Thomas Worthington (11 April 1826 – 9 November 1909) was an English architect of the 19th century, best known for his public buildings in and around Manchester. His preferred architectural style was Gothic Revival.

==Early life==
Thomas Worthington was born in Crescent Parade, Crescent, Salford, Lancashire, on 11 April 1826. He was the fourth of six sons of a Salford Unitarian cotton merchant, also called Thomas, and his second wife Susanna (1792–1869). He left school, aged 14, and was articled to Henry Bowman, architect (Bowman & Crowther). Before he was 20 he had won two medals: one for a church design (Royal Society of Arts) and one for an essay on "Brick" (Royal Institute of British Architects). After completing his articles in 1847, he assisted William Tite who was building Carlisle railway station. On the suspension of this work in 1848, he went on an eight-month study tour to France, Italy and Switzerland accompanied by a friend, Henry A. Darbishire. Their journey took them through Tuscany, Latium and Campania; Worthington's notes and sketches from the trip provided him with a first-hand knowledge of Italian Gothic and Renaissance architecture, which give him inspiration for his own later work.

After returning to Manchester in October 1848, Worthington spent a short time gaining experience of quantity surveying, before opening his own architectural practice on King Street the following year.

==Social concerns==
Worthington was strongly influenced by his Unitarian upbringing, becoming committed to social reform and joining numerous learned societies, including the Manchester Literary and Philosophical Society, the Portico Library and the Royal Manchester Institution.

Partly as a result of his social concerns, Worthington was often commissioned to design public buildings, ranging from public baths and hospitals to workhouses and Unitarian churches. These were often designed in a Gothic style, not dissimilar to that of his contemporary and rival Alfred Waterhouse.
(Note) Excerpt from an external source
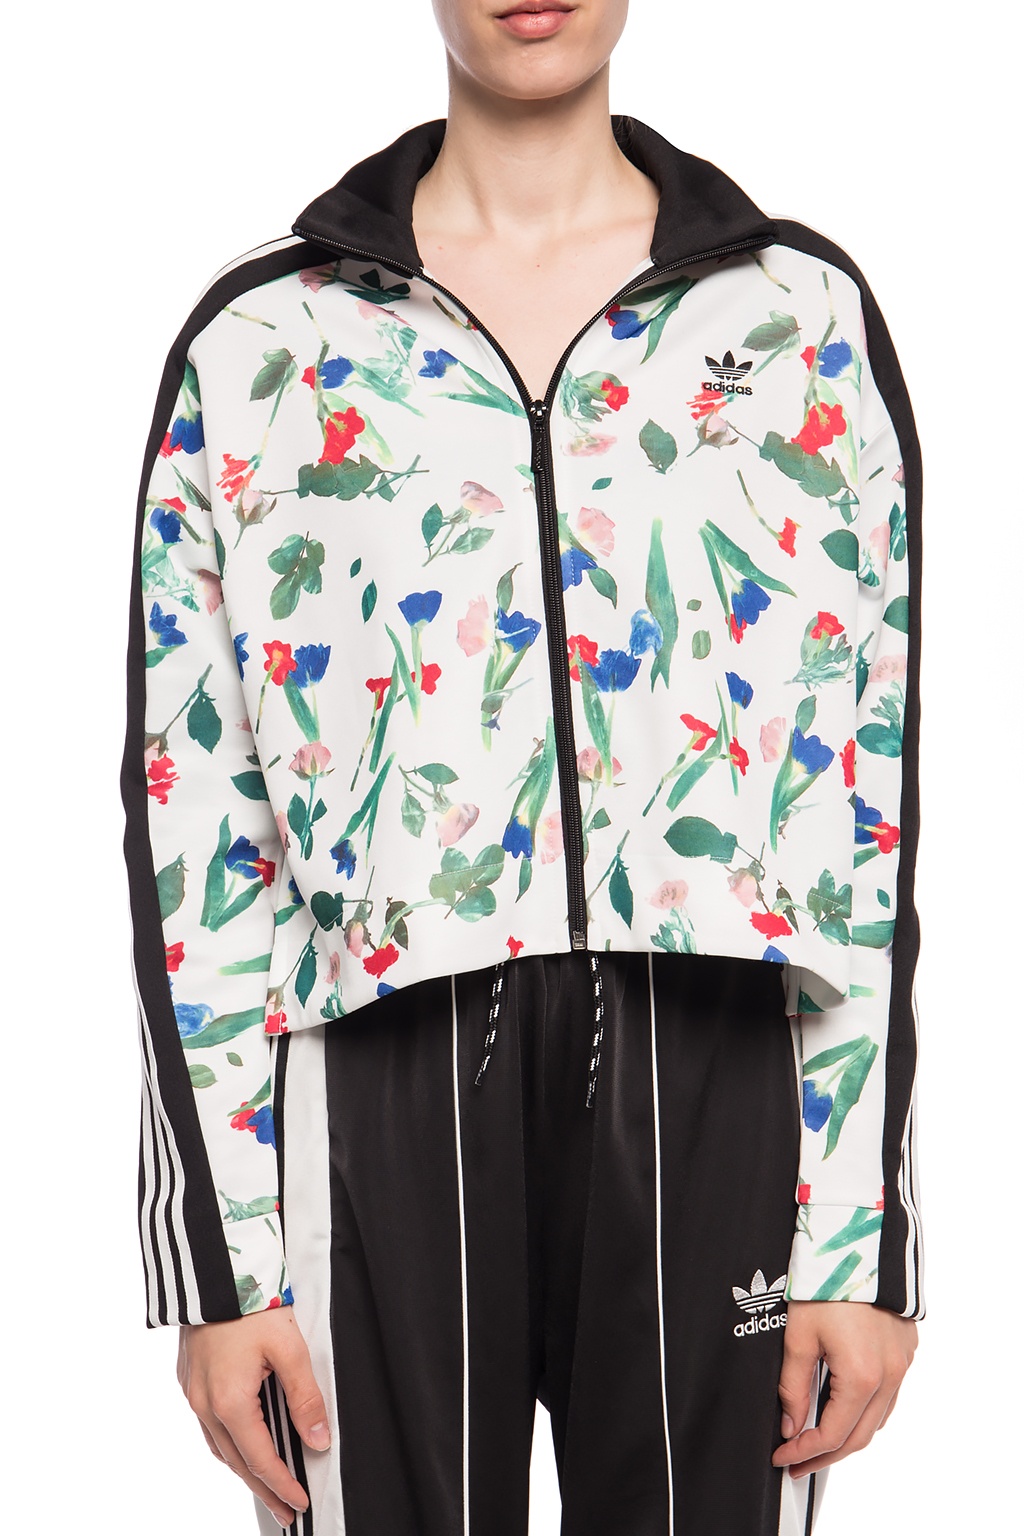 adidas floral jacket and shorts
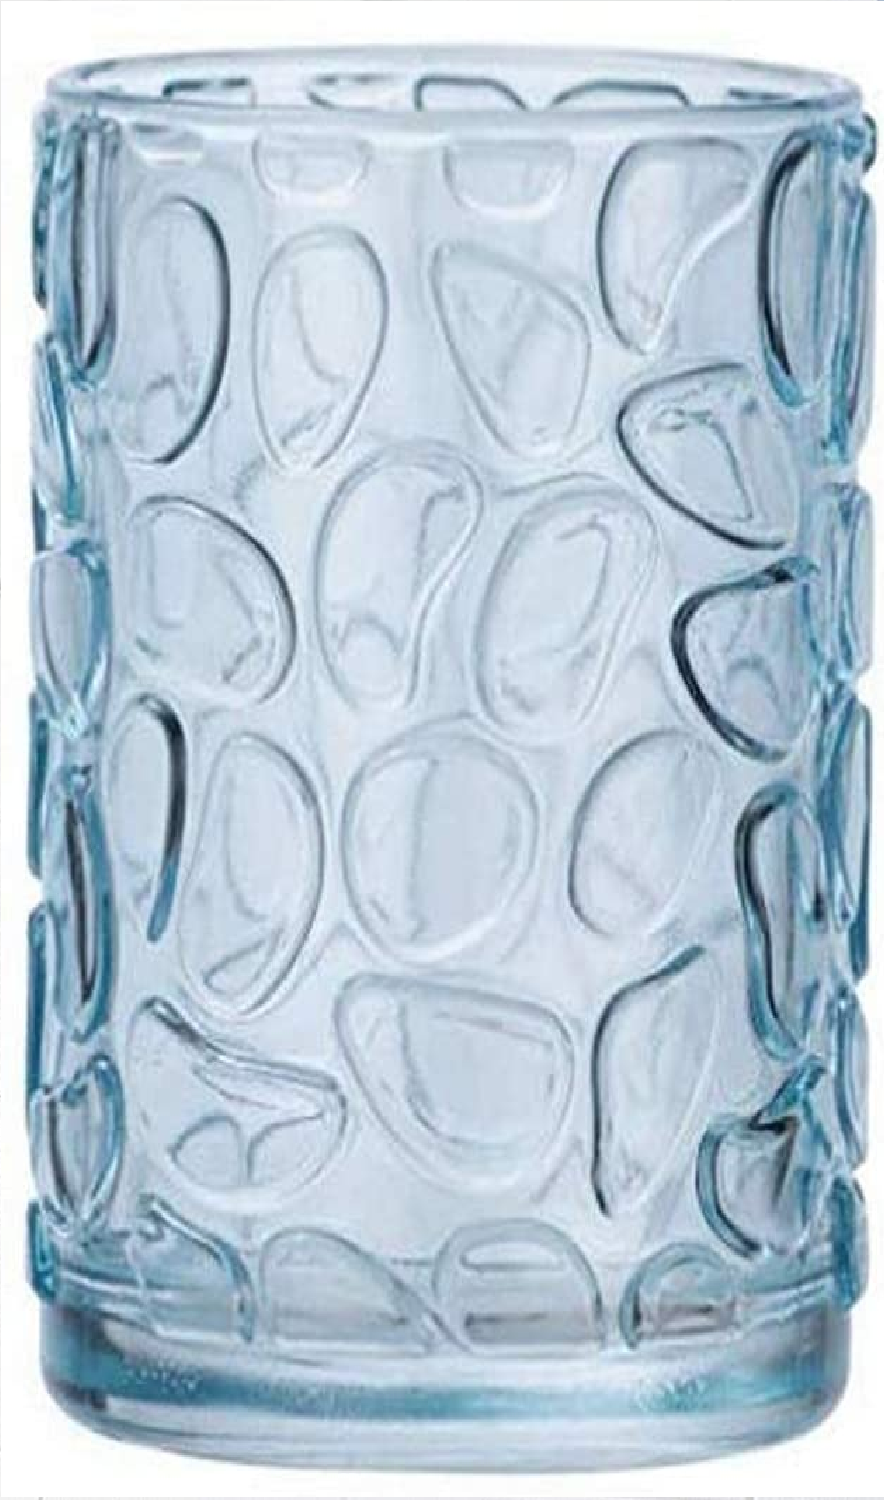 Zahnputzbecher Vetro Blau rund Echtglas - Zahnbürstenhalter für Zahnbürste und Zahnpasta, Glas, 7.5 x 10 x 7.5 cm, Blau

==Projects in Manchester and district==
- Estate Exchange, Overseers and Churchwardens Office, 46 Fountain Street (1852–1859); listed Grade II*
- Greengate Public Baths, Collier Street (1855); listed Grade II*
- Mayfield Baths (1857–1940)
- Albert Memorial (1862–1867); listed Grade I
- The Memorial Hall, Albert Square (1863–1866); listed Grade II*
- Chorlton Union Workhouse, afterwards Withington Hospital (1865)
- Prestwich Union Infirmary, afterwards Delaunays Hospital (1866–1870)
- City Police Courts (1867–1873); listed Grade II*
- The Towers, Didsbury (1868–1872); listed Grade II*. Home to Manchester industrialist Daniel Adamson from 1874, the building was later used by the British Cotton Industry Research Association from 1920, subsequently called the Shirley Institute
- Brookfield Unitarian Church, Gorton (1870); listed Grade II*
- Monton Unitarian Church, Monton, Eccles (1873–1875); listed Grade II*
- Flowery Field Church, Newton Street, Hyde (1876–1878)
- Ellen Wilkinson High School, Ardwick, formerly Nicholl's Hospital (1879–80); listed Grade II*
- Dovecote, Sale Old Hall (1880)
- Arlington House, Salford, home to Kenworthy's Chambers (1880)
- Peacock Mausoleum, Gorton (1890); listed Grade II*
- Diamond Jubilee Memorial Fountain, Albert Square (1896–97); listed Grade II
- Dunham Road Unitarian Chapel, Altrincham

==Other projects==
- Unitarian Chapel, Liverpool; listed Grade I
- Garlands Hospital, Carlisle (originally the Cumberland and Westmorland Lunatic Asylum, 1862)
- Royal Albert Edward Infirmary, Wigan (1870)
- Sutton Oaks (a country house), London Road, Macclesfield, Cheshire (1875)
- Rosslyn Hill Unitarian Chapel, Hampstead, added north aisle and chancel (1885); listed Grade II
- Manchester College, Oxford (1889–1893); listed Grade II
- Royal Bath Hospital, Harrogate
- Royal Infirmary, Halifax

==Legacy==
His sons also trained as architects and worked in the family firm, Thomas Worthington & Sons. Hubert, later Sir Hubert Worthington (1886–1963) trained with Sir Edwin Lutyens and was professor of architecture at the Royal College of Art before becoming Slade lecturer in architecture at Oxford University. Percy Worthington (1864–1939), also worked for the firm.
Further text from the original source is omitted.